:: What is being asked ::
Wherever a picture appears in the data below, omit it, and restate everything else word for word.

:: Data extract ::
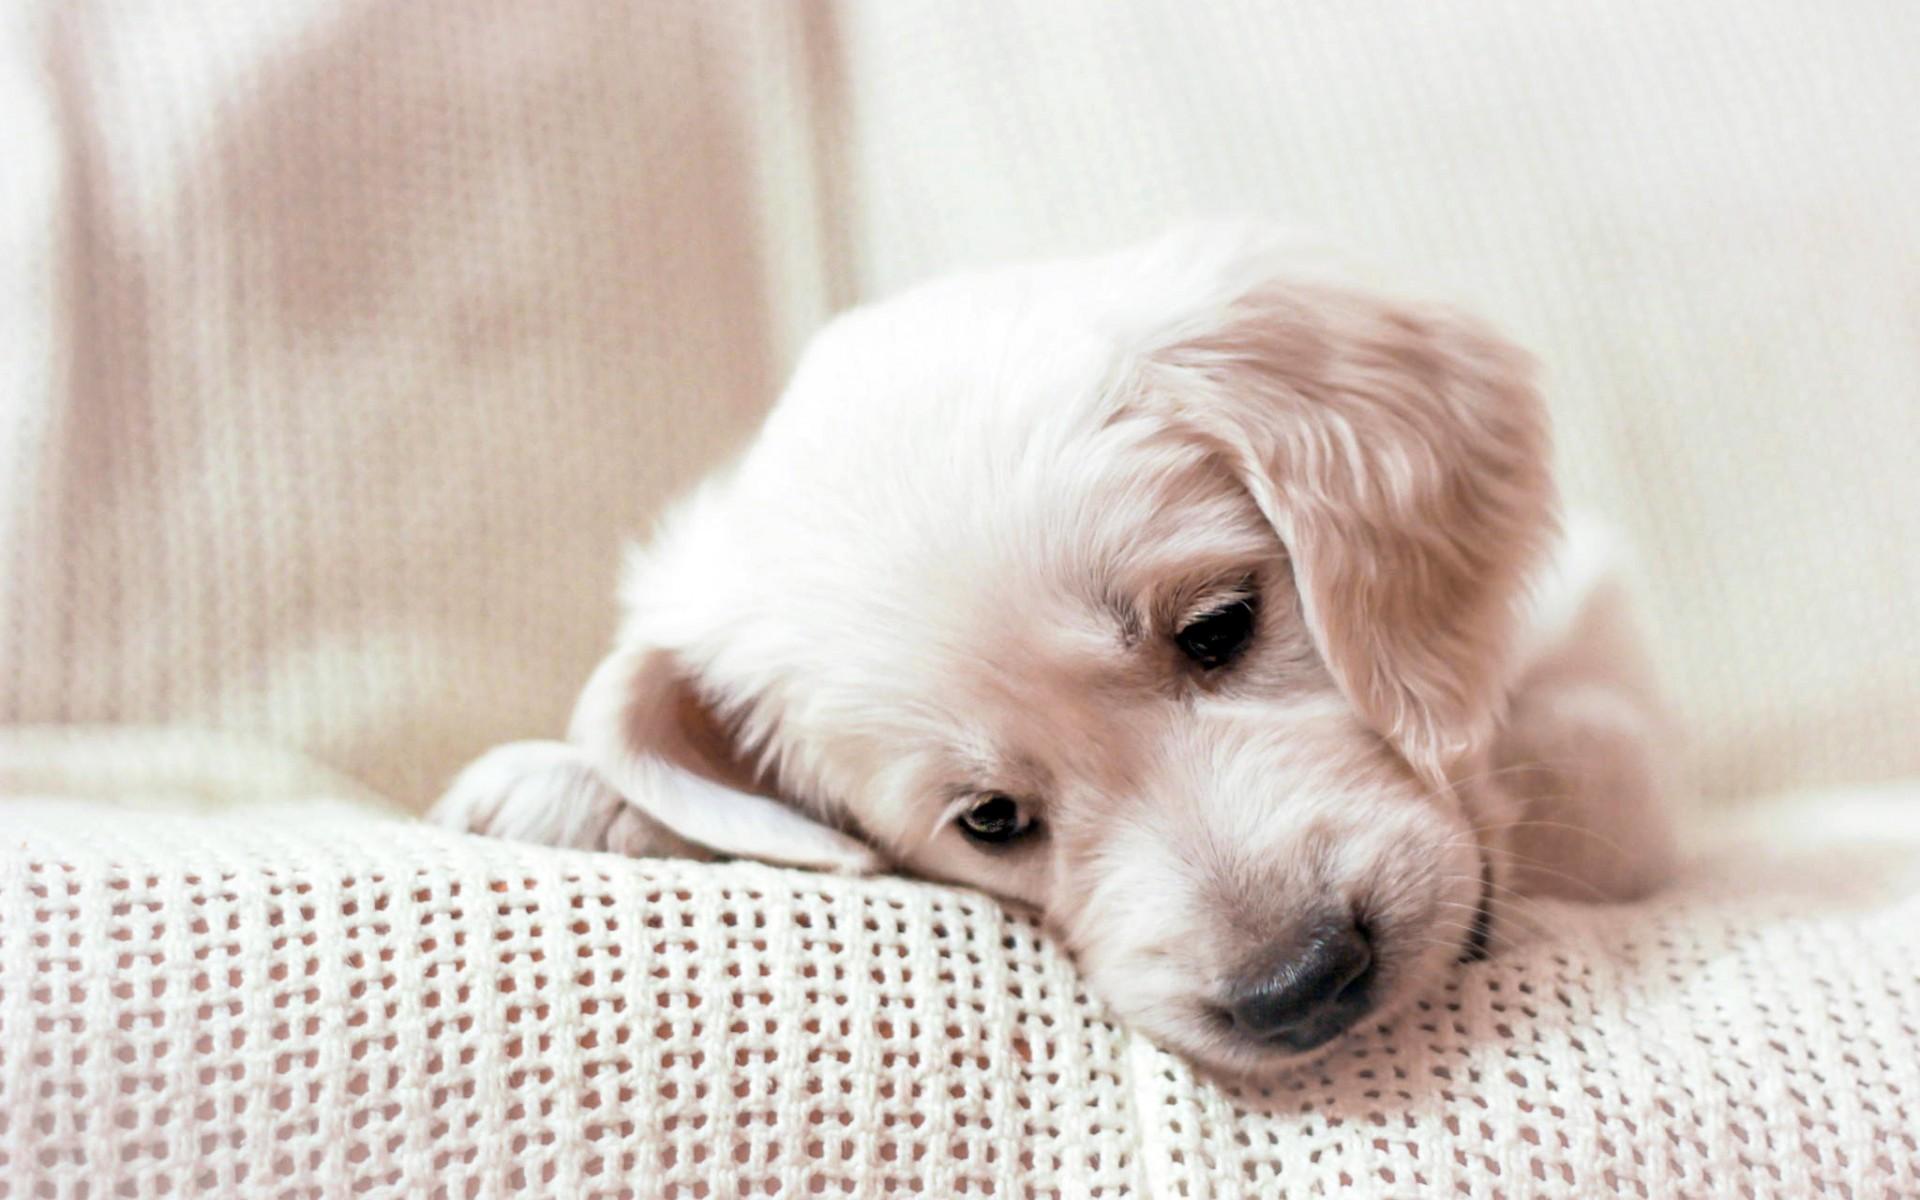 фото грустного щенка
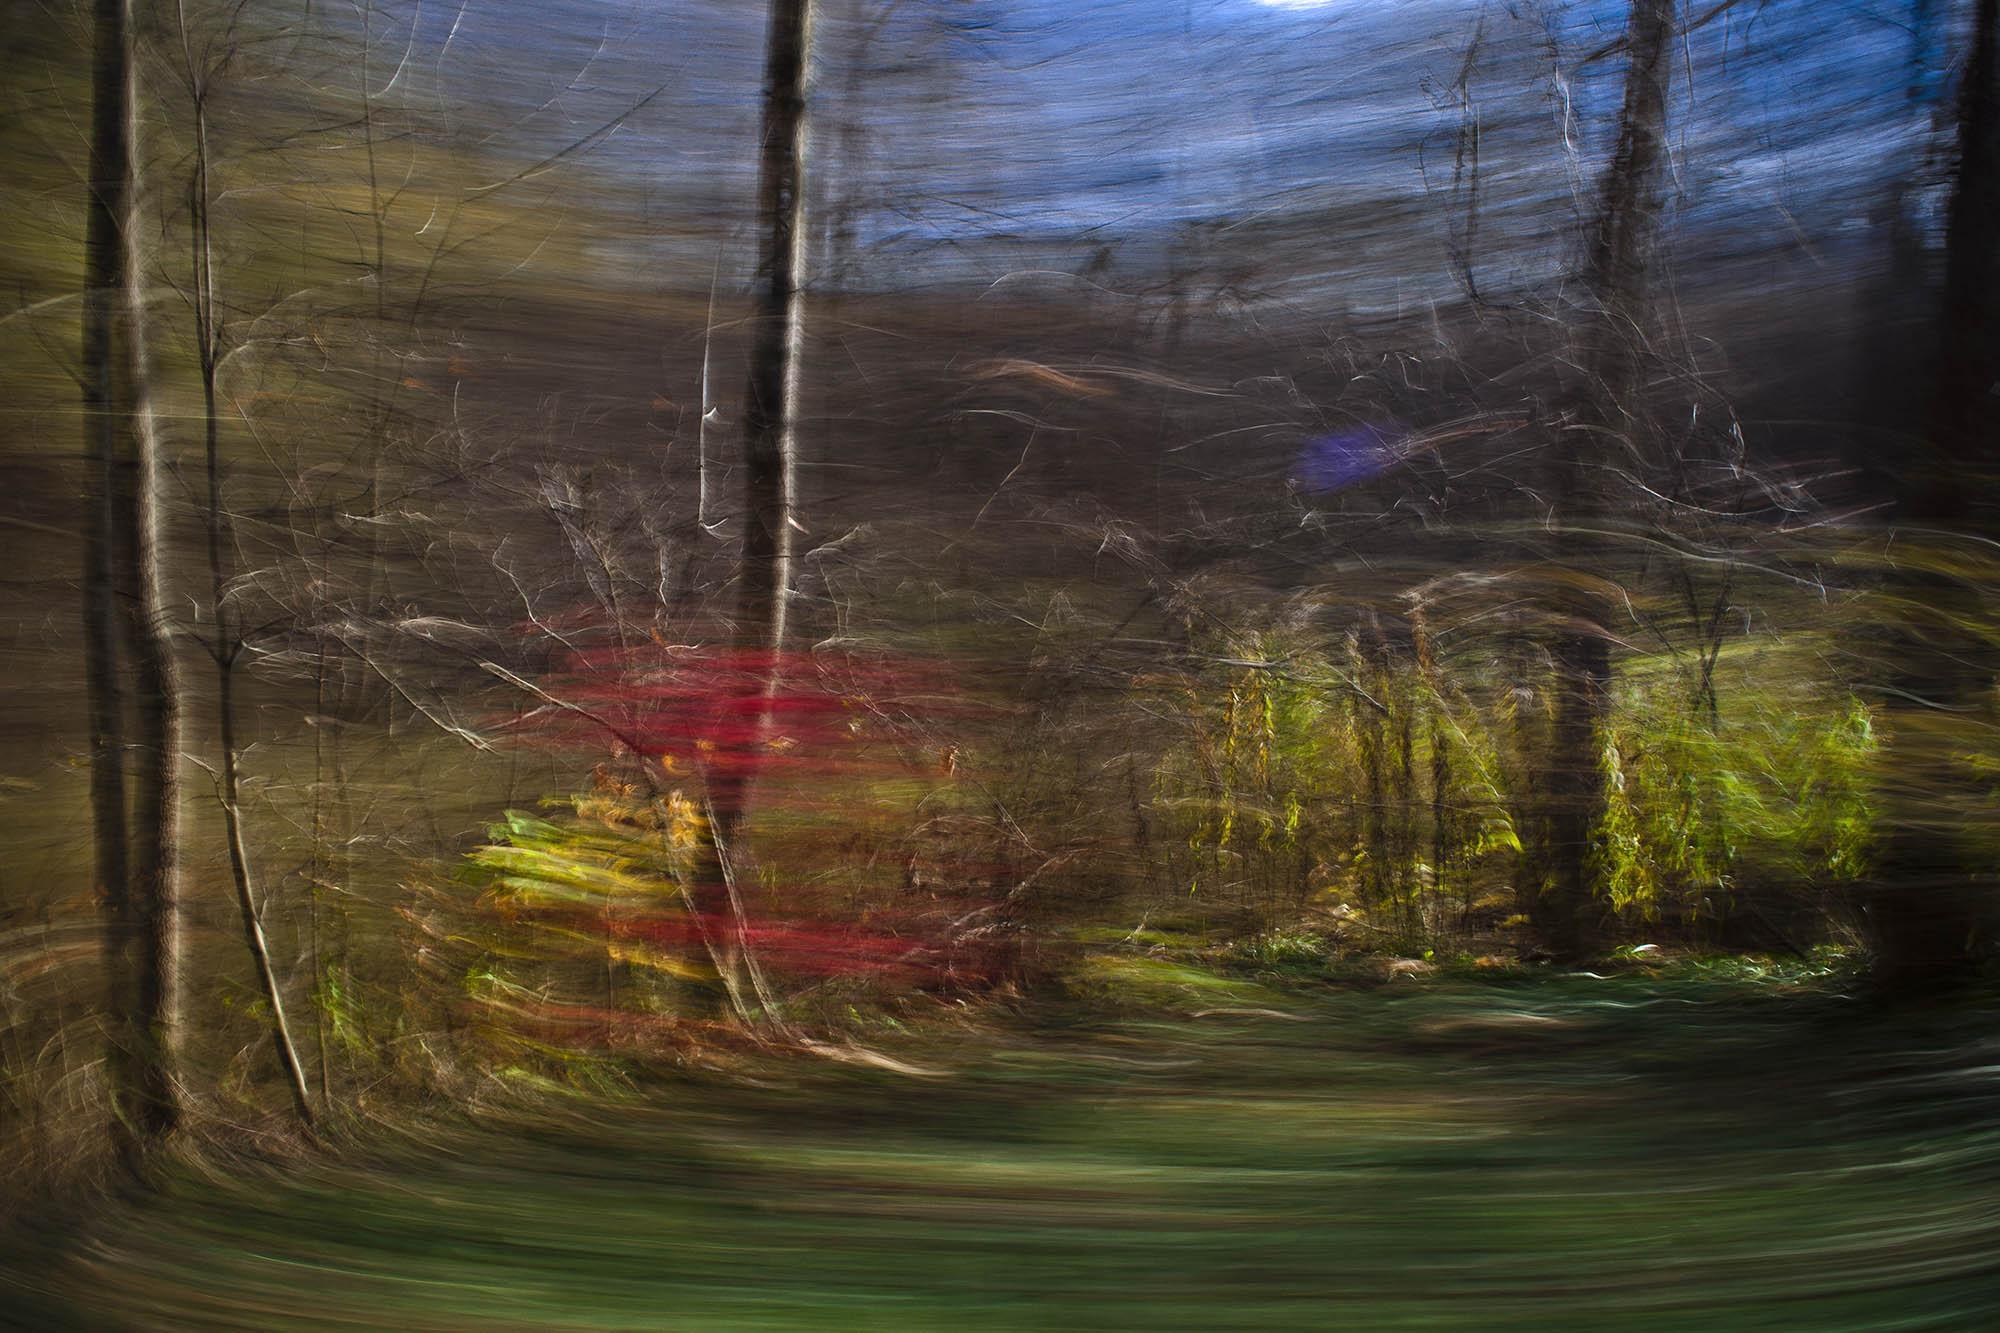 burning bush-0389.jpg
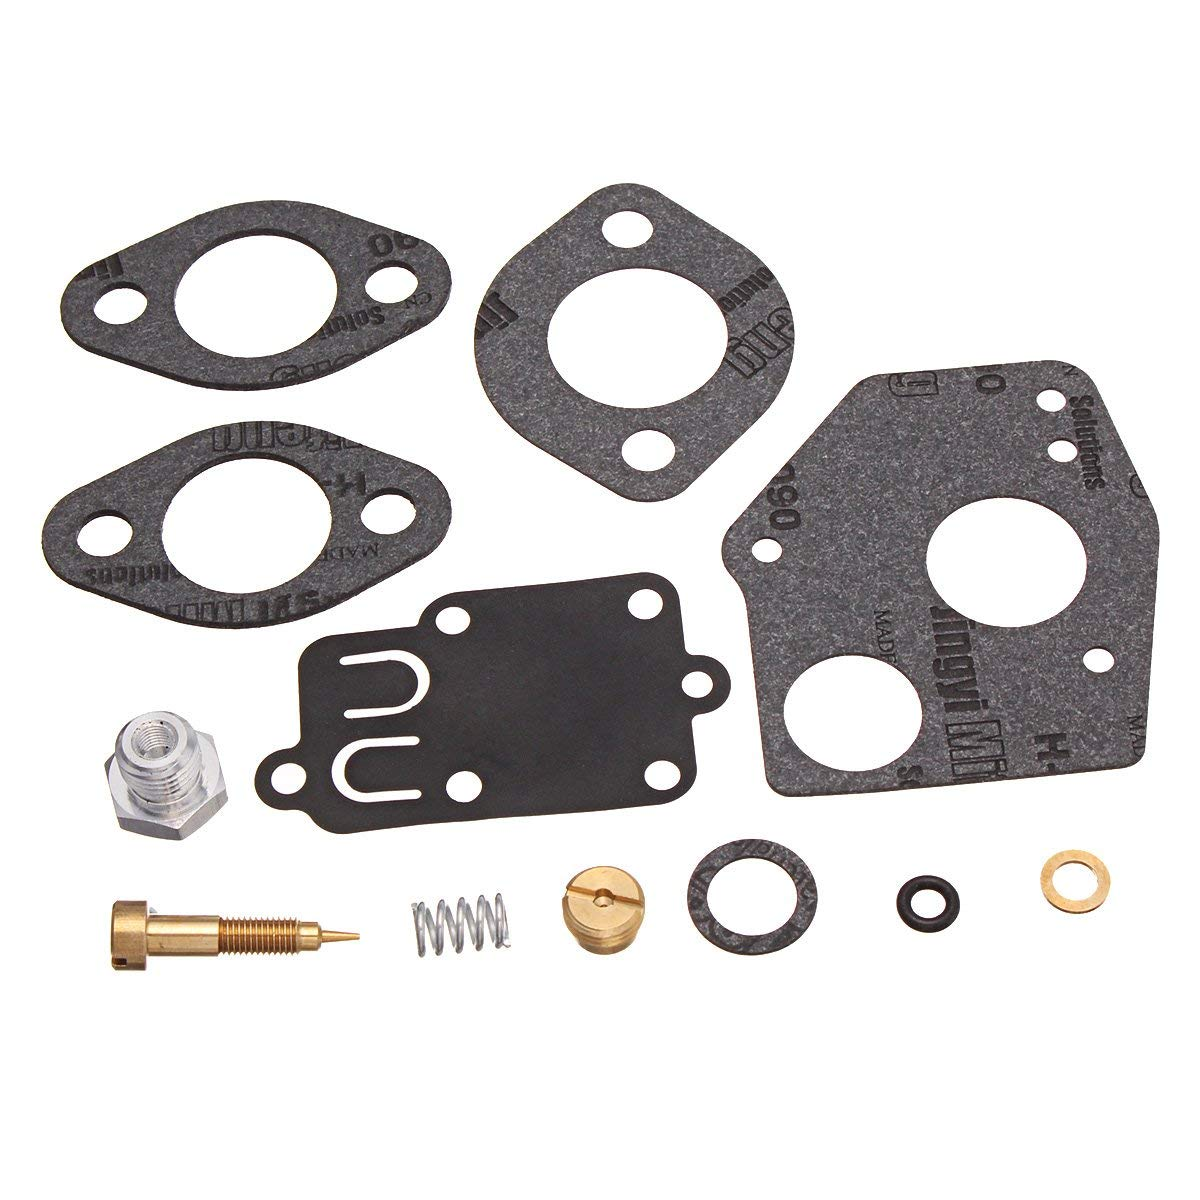 CoCocina Carburetor Carb Repair Rebuild Kit For Briggs Stratton 495606 494624 3HP-5HP

:: Answer ::
 фото грустного щенка
 burning bush-0389.jpg
 CoCocina Carburetor Carb Repair Rebuild Kit For Briggs Stratton 495606 494624 3HP-5HP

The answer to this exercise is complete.